The first Tibetan village, though only a few kilometres away, is still difficult to reach via winding roads plagued by constant landslides. But the new road will run along the mountainsides to deliver the many expected foreign tourists. For now, locals see very few Westerners. Children cried in surprise at the sight of my beard, and some adults remain wary or curious.

What tourists will not see is that we are in a context of Sinicization of Tibet. Rebellious Tibetans have, even recently, been victims of government reprisals. Locals are pushed out of their villages. Their homes are destroyed and replaced by more "Chinese-friendly" houses. Nomads retreat higher into the mountains. Young Tibetans are offered the hardest jobs; often discouraged, they risk falling into delinquency. Han Chinese from central and eastern China are called to colonise and contribute to China's expansion. Bön temples and frescoes are replaced by Chinese art, and spiritual leaders sympathetic to Chinese festivals and beliefs are placed in positions of authority.

Surveillance cameras dress every street corner — and even the fields, where they watch over farmers learning to smile at the lenses of the newcomers, of whom I am, ultimately, one of the first representatives.

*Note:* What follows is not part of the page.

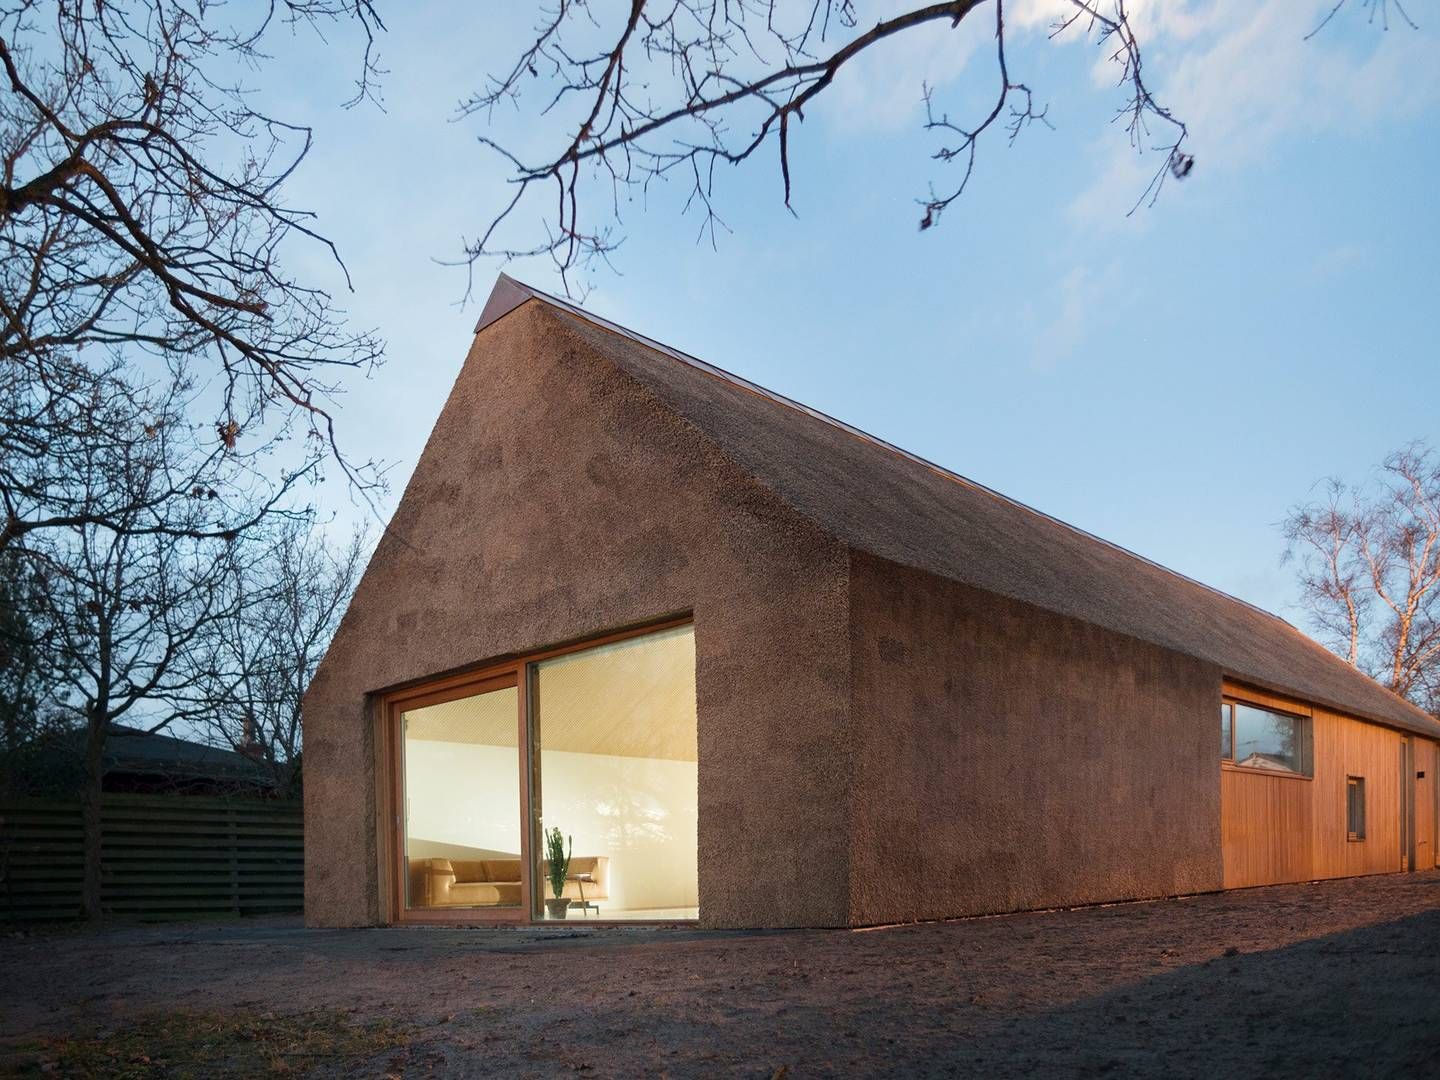 Et arkitekttegnet sommerhus i Østjylland er omdrejningspunktet for et aftalekompleks, der ifølge kuratellet har haft til formål at unddrage konkursboets kreditorer. | Foto: PR / Loop Architects

Saffron turned silk / For a long time already / Sketches the moribund / Under the iris of cameras

Living in the Himalayas / Faces will suffer / From the tireless march / Of a sandy emperor

Goodbye, Bön, Kala / Goodbye wise thoughts / Tumult and movement / Are the new masters sovereign

Which greet the nonchalant / Travellers from everywhere

Blurred child's dreams / By corrupted adults

The Camera Oscura is the darkroom of the camera — the one that freezes the portraits of a certain people and their customs, destined to disappear in this momentum that seems almost impossible to stop. It is also my Bangkok studio where I develop my portraits, already inscribed in a past — a childhood dream fulfilled yet steeped in nostalgia.

I do not oppose Chinese culture, of course, which is equally ancient, rich, and fascinating. But every civilisation, in its efforts, generates a share of darkness that must nonetheless be brought to light, at the risk of letting another human treasure vanish.

Back in Chengdu, a friend shared her opinion. She obviously believes that China acts for the benefit of Tibet, and that the opposition is encouraged by American interference in a kind of East-West cold war. It is hard to contradict her, because that is also true. But in this march toward progress, it is the ancient peoples and their culture that disappear.

This is what I collect. My portraits are the dust of what humanity loses: a culture.